(DATA EXTRACT)
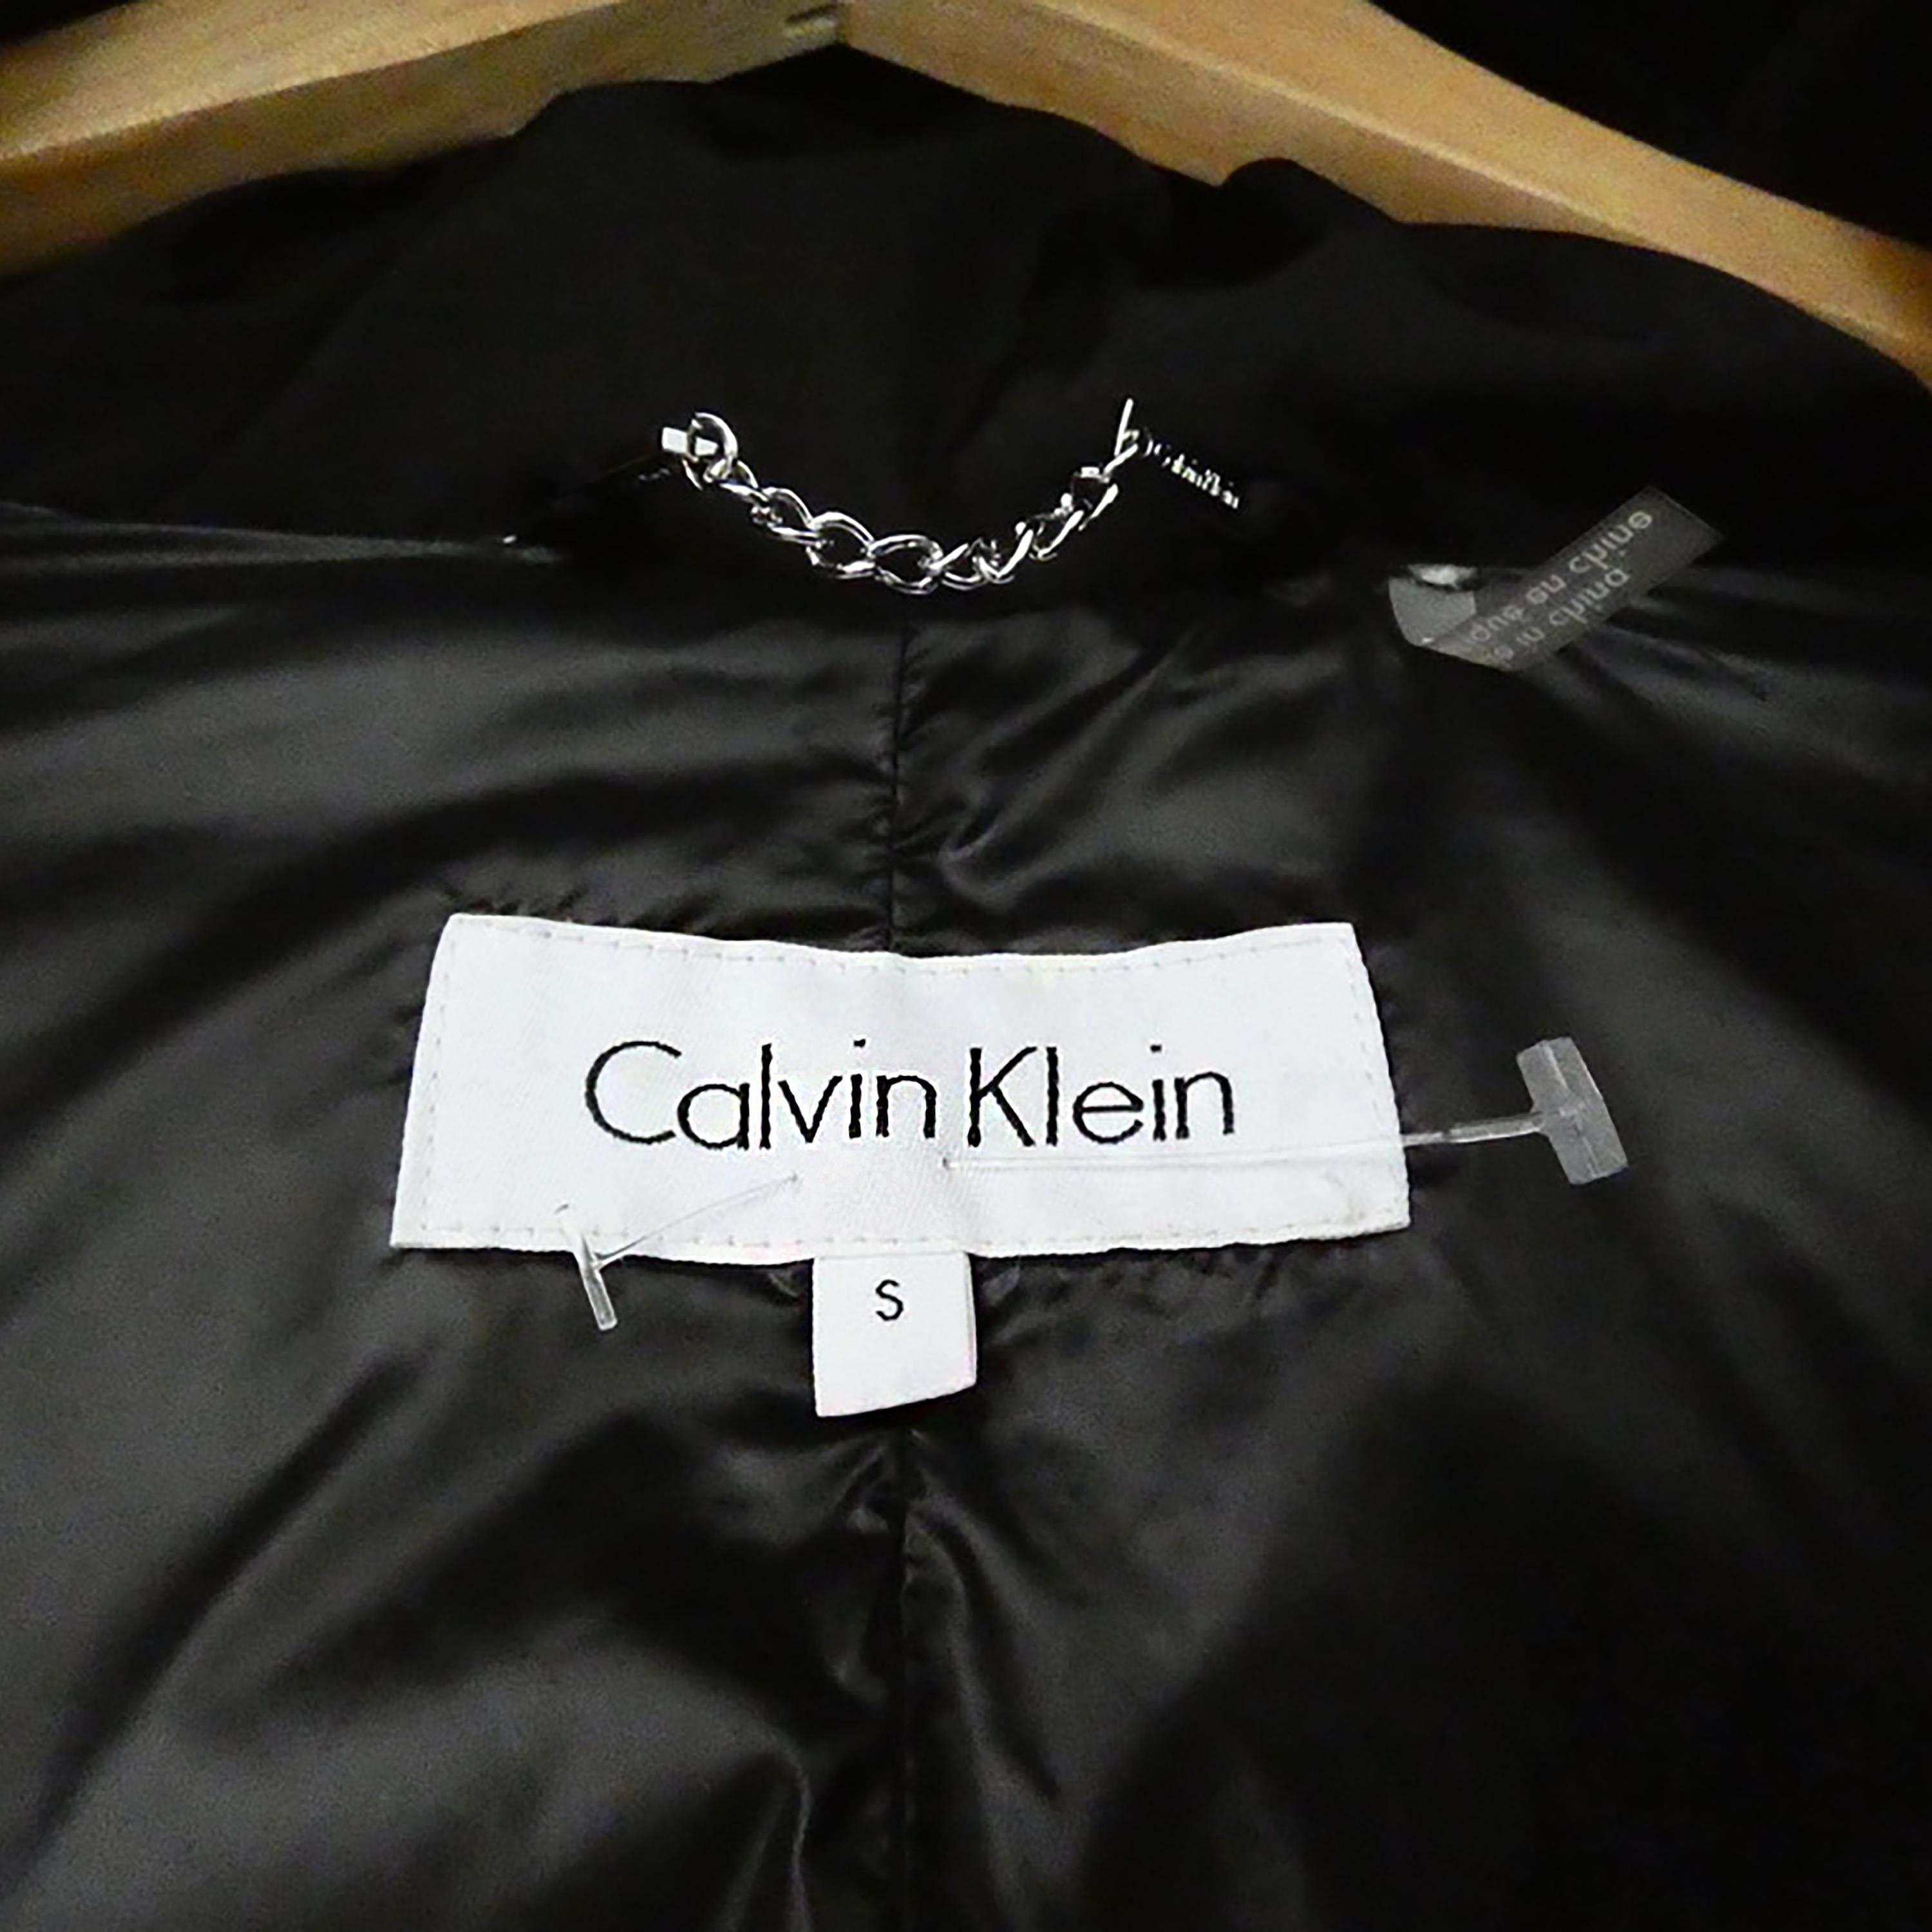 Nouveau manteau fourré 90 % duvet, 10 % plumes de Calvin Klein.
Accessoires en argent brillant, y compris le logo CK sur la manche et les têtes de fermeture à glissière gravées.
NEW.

(WORK TO COMPLETE) Drop the pictures and reproduce the rest of the data exactly.

(SOLUTION TO THIS EXERCISE)
 Nouveau manteau fourré 90 % duvet, 10 % plumes de Calvin Klein.
Accessoires en argent brillant, y compris le logo CK sur la manche et les têtes de fermeture à glissière gravées.
NEW.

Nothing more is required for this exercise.